Closed joshuacwnewton closed 4 months ago

joshuacwnewton commented 1 year ago

Context -- This older SCT issue:

Received a comment saying:

Will be tackled by https://github.com/sct-pipeline/contrast-agnostic-softseg-spinalcord

This issue is for following up on the task of verifying whether the new model performs better than the existing models on images with spinal cord compression.

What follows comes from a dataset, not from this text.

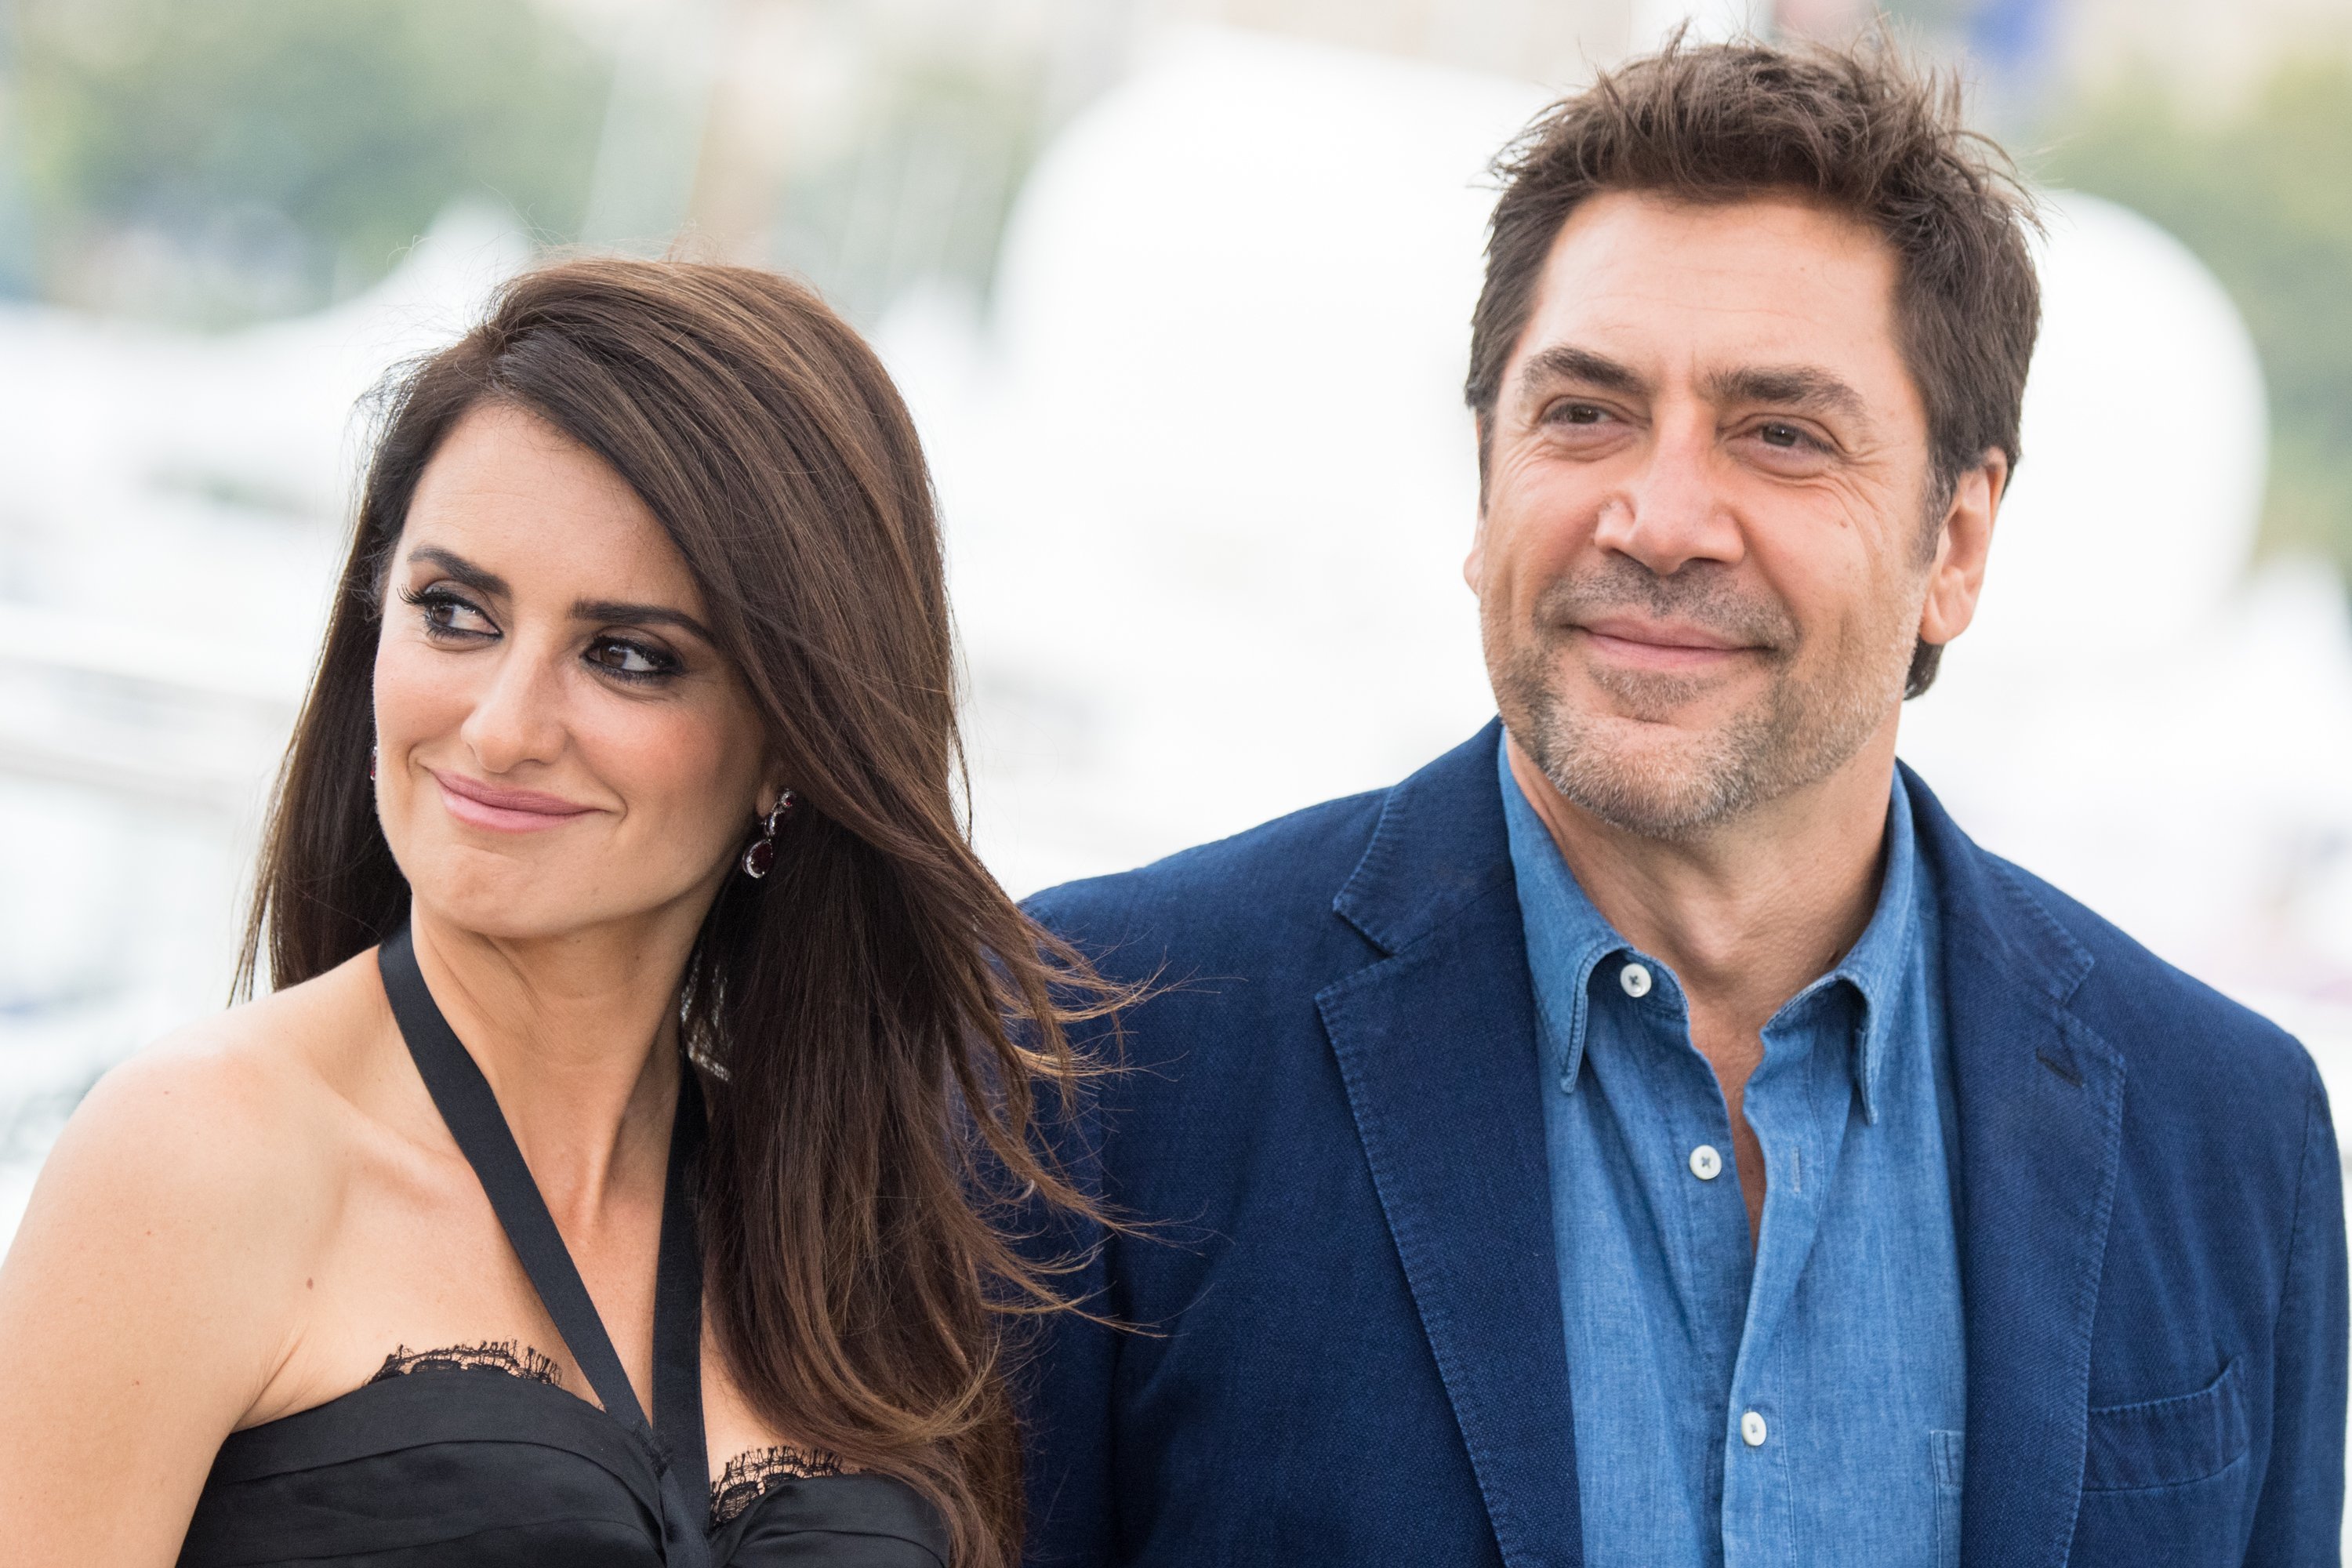 Actress Penelope Cruz, wearing jewels by Atelier Swarovski Fine Jewelry, and Javier Bardem attend the photocall for "Everybody Knows (Todos Lo Saben)" during the 71st annual Cannes Film Festival at Palais des Festivals on May 9, 2018 in Cannes, France.  | Source: Getty images

naga-karthik commented 1 year ago

Thanks for the follow-up @joshuacwnewton ! We are in the process of finalizing the contrast-agnostic model this week. Once it's done, I will post the QC report of the model tested on some subjects with compression! Thanks for your patience!

naga-karthik commented 4 months ago

Hey @joshuacwnewton ! It's been a while but we have gotten around to this finally! The latest release of contrast-agnostic (which is also in SCT v6.3 now) works reasonably well on compression data. Please let me know if there are any subjects you wanted to test.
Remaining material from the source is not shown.